David S. Broder, RIP
March 9, 2011 11:59 AM   Subscribe

David S. Broder: Reporter.

David S. Broder has died at age 81, from complications of diabetes. He was a Pulitzer Prize-winning reporter and columnist for the Washington Post for more than 40 years (he'd covered every Presidential election since 1956!) and a frequent guest on Meet The Press, roles that allowed him to chronicle the last half-century of American politics. His informal nickname was "dean of the Washington press corps."

Mr. Broder was also a Professor of Journalism at the Phillip Merril College of Journalism at the University of Maryland. He had published seven books, three of which are available through Amazon.
"David S. Broder: Reporter.

Of all the epitaphs that might fit him - journalist, columnist, commentator, author, teacher, student of politics - we think our friend and colleague Dave Broder, who died Wednesday at age 81, would likely be most pleased with the one-word description we offer above. Mr. Broder was a columnist for many years, but he started out as a reporter and remained one for a lifetime. Like most reporters, he clearly learned , from the time of his first job on the Bloomington (Ill.) Pantagraph, a basic lesson of the business: that the story you expect to write when you set out on an assignment never quite matches up with the one you find when you get there. Or, as he put it in one of his books, sometimes "the moment comes when the disappointed reporter has to tell an editor, 'It doesn't check out.'"

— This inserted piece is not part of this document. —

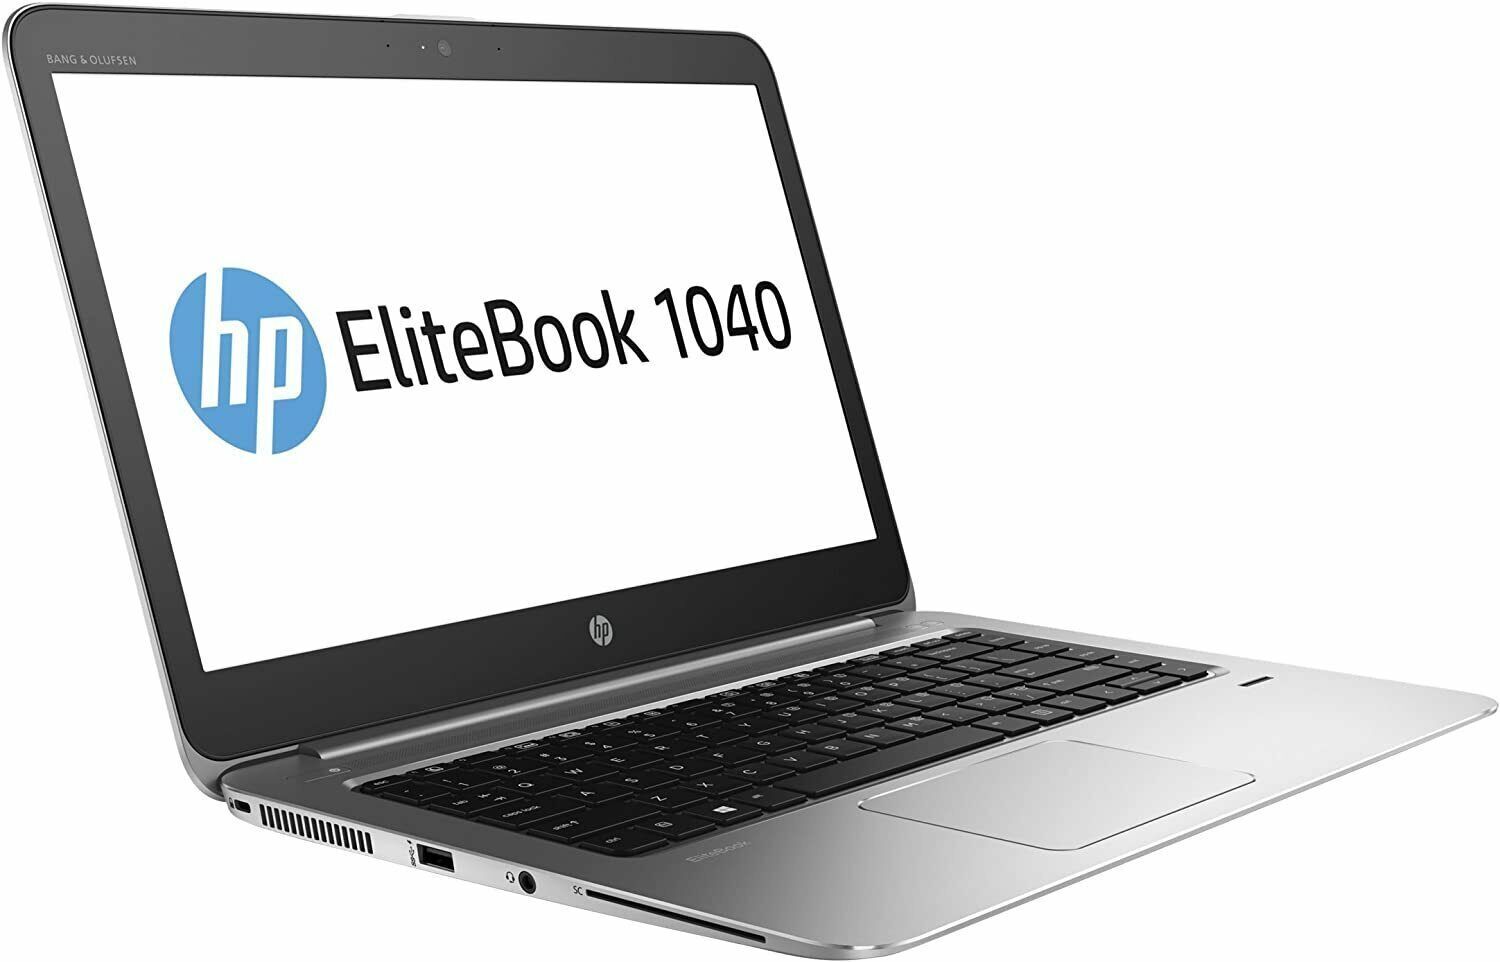 HP Elitebook Folio 1040 G3 i7 6600u 2.4Ghz 8GB RAM 512GB SSD 14" HD Win 10 - B Grade Image 2

The Washington Post has extensive coverage:

* David Broder's remarkable life and career
* Photo Gallery
* Statements from the Broder family and the White House.
* Lives Remembered: Remembering David Broder
* David S. Broder: The best political reporter of his time
* On David Broder
* Column Archive (Their selection of his best work is here and an additional archive of his work from the Seattle Times can be found here.) His final WashPost column.
* Video Archive (including "The Best Election I Ever Covered")

Here's his 400th appearance on Meet the Press.

* Covering politics with David Broder (by former WashPost White House correspondent Lou Cannon"):
When [my eldest son] Carl was at the Baltimore Sun, a young reporter complained that one of the prima donnas in our business had treated him shoddily. Carl told him to forget it and to think instead of the example set by Broder. "Don't ever think it's necessary to be puffed up," Carl advised the young reporter. When I was a teenager, he said, David Broder never came to our house and didn't ask me what I was doing or how I felt. He is the greatest of them all, and he never had a swelled head."
And, from colleague Joel Achenbach:
"A number of ideologues, particularly in Blogworld, hated him for his political leanings, which were very close to being perfectly vertical. But that was enraging: He anchored himself in the political center, and religiously espoused good government, compromise solutions and bipartisanship. Naturally, the true believers viewed him as a dangerous moderate, a dinosaur, a centrist crank."
Outside the Beltway:
"His name became something of an epithet on the Left, with “Broderism” used to describe a neutral and bland form of commentary that refused to call out truly bad conduct in the name of bipartisan objectivity. But Broder was simply a holdover from an era where journalists–even columnists–thought they were in the business of covering the news rather than making policy."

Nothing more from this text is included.